:: Required action ::
Any images in the material are to be dropped while every line is retyped exactly.

:: Data section ::
▼
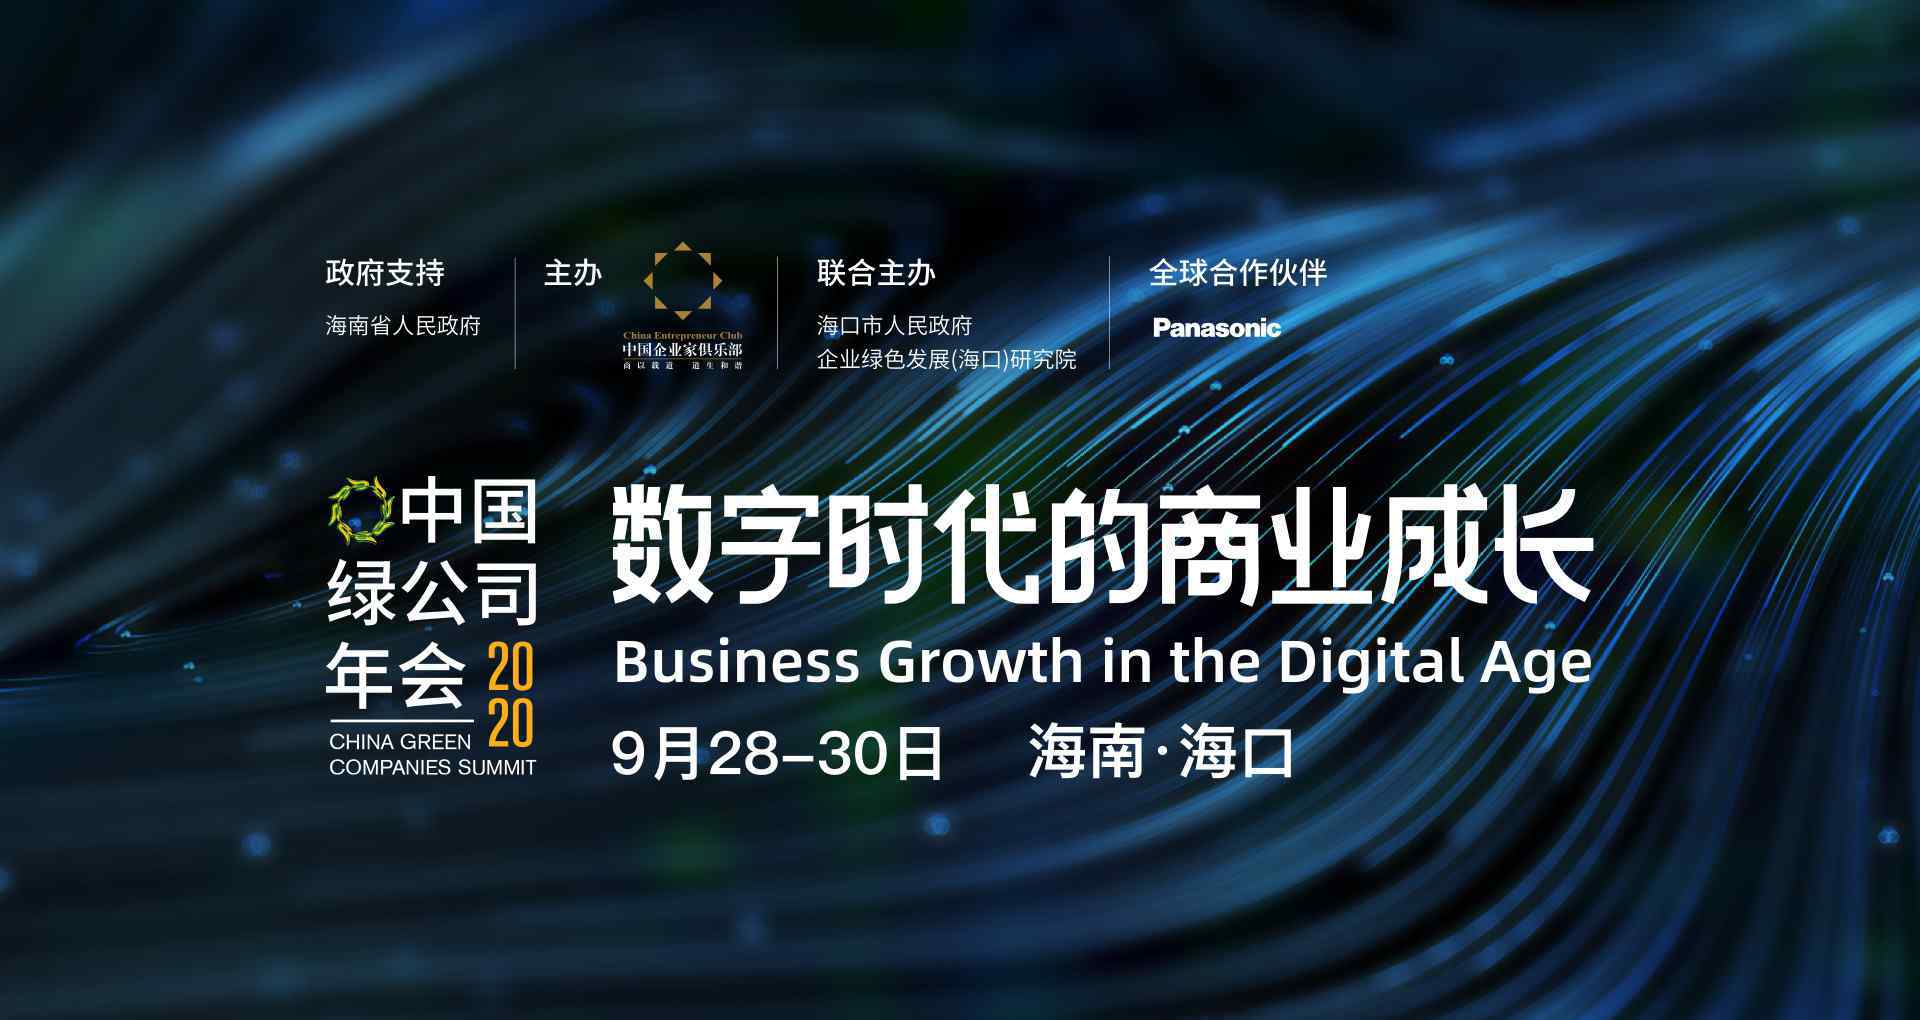 绿公司年会 中国绿公司年会：马云雷军共话数字时代的商业成长
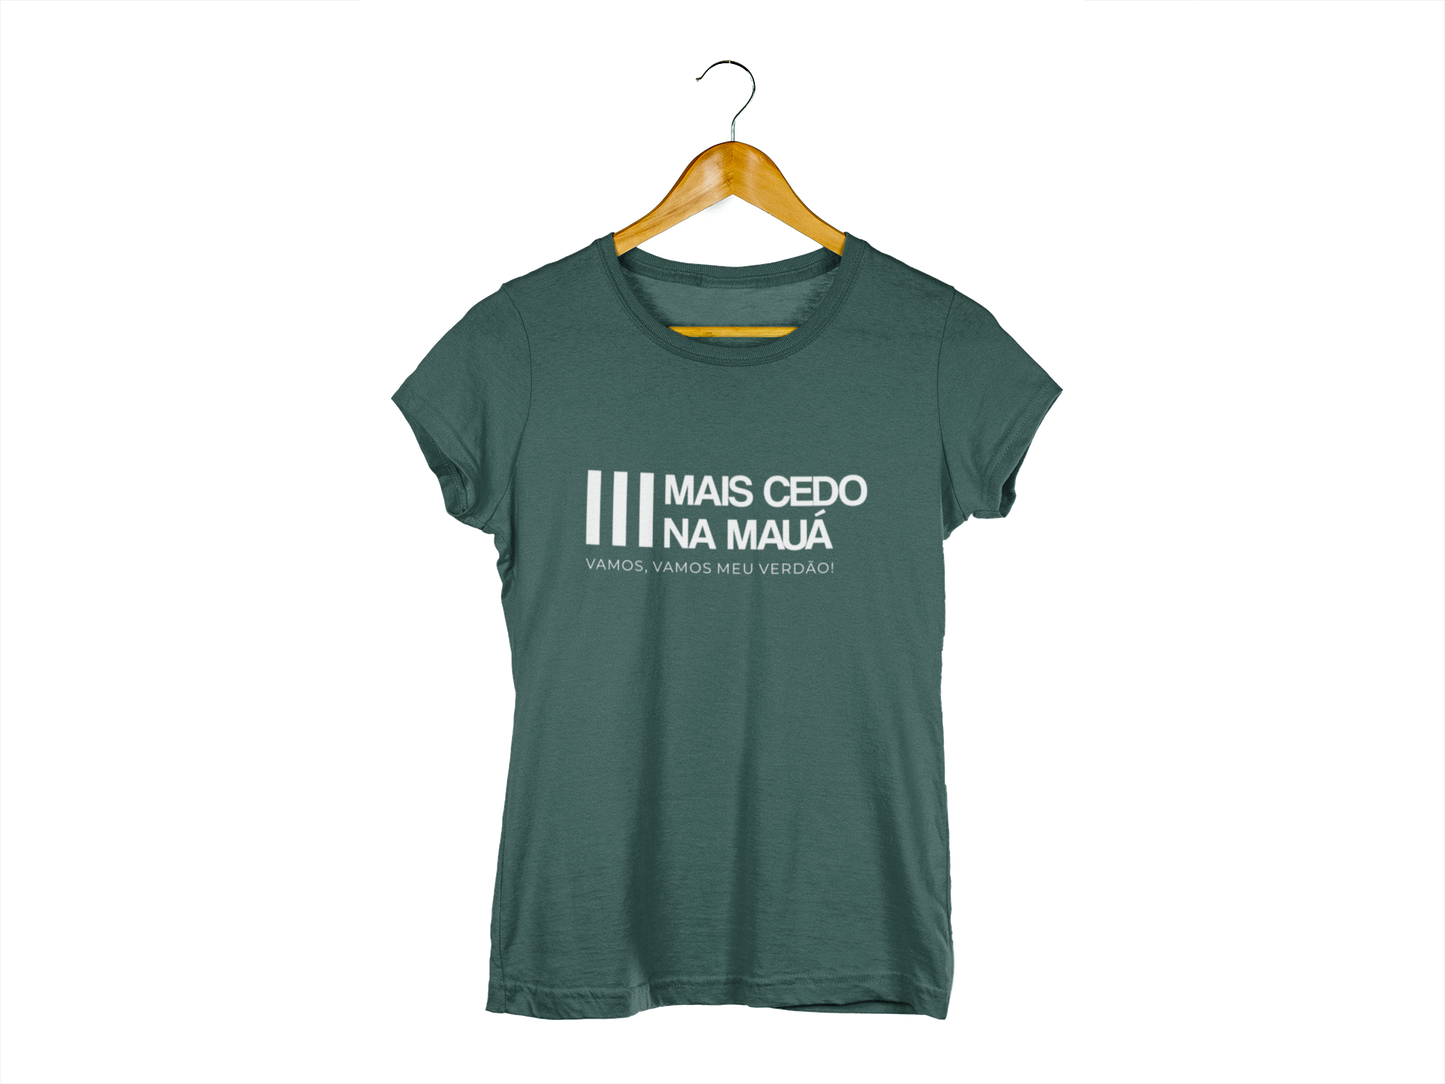 Camiseta Mais Cedo na Mauá - Verde (Produto Oficial - Licenciado)
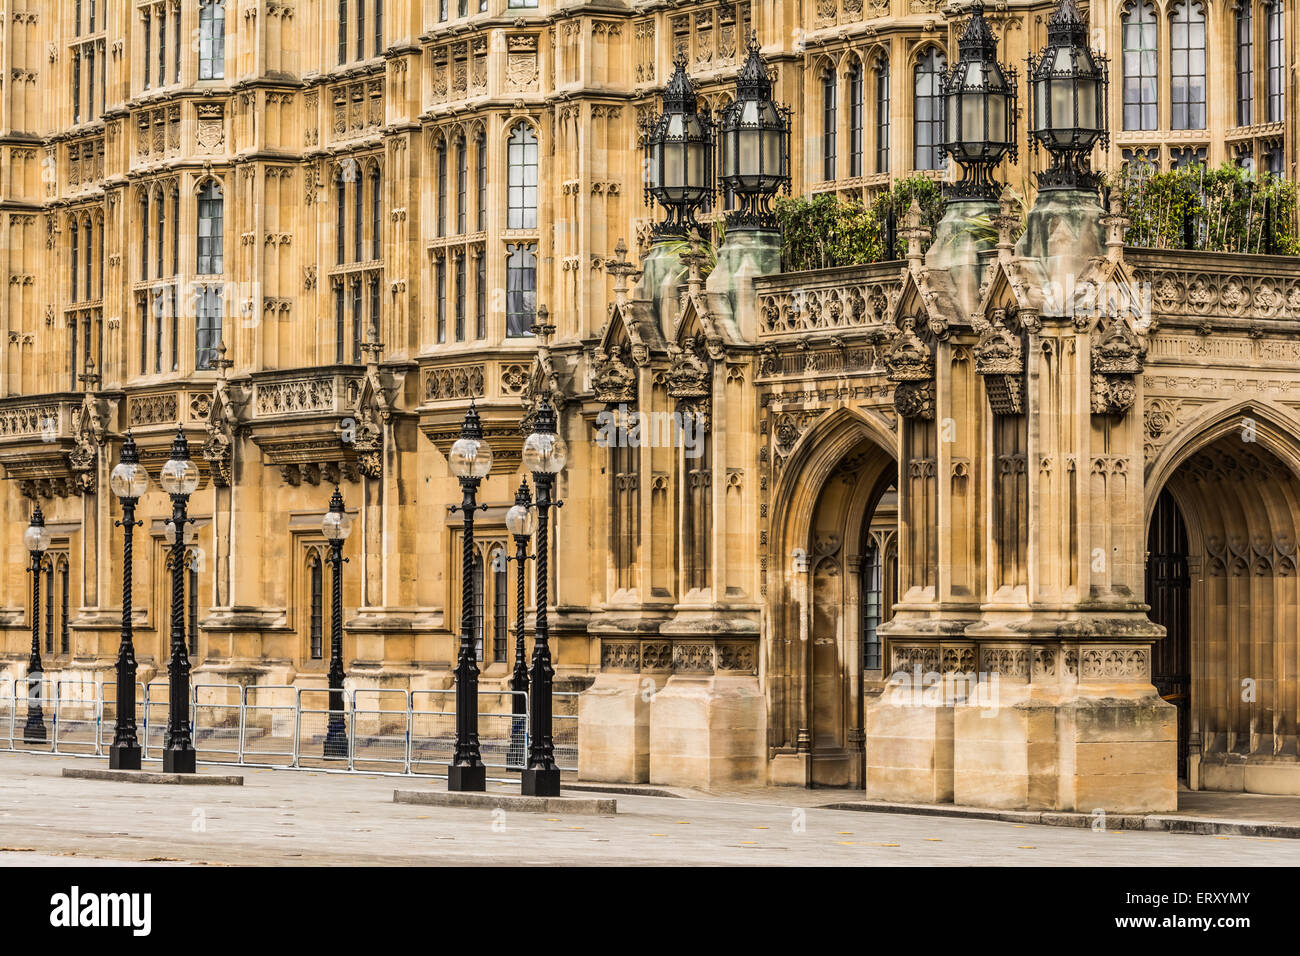 Dettagli architettonici del palazzo di Westminster, Londra, UK. Foto Stock
▲
:: Exercise answer ::
 绿公司年会 中国绿公司年会：马云雷军共话数字时代的商业成长
 Camiseta Mais Cedo na Mauá - Verde (Produto Oficial - Licenciado)
 Dettagli architettonici del palazzo di Westminster, Londra, UK. Foto Stock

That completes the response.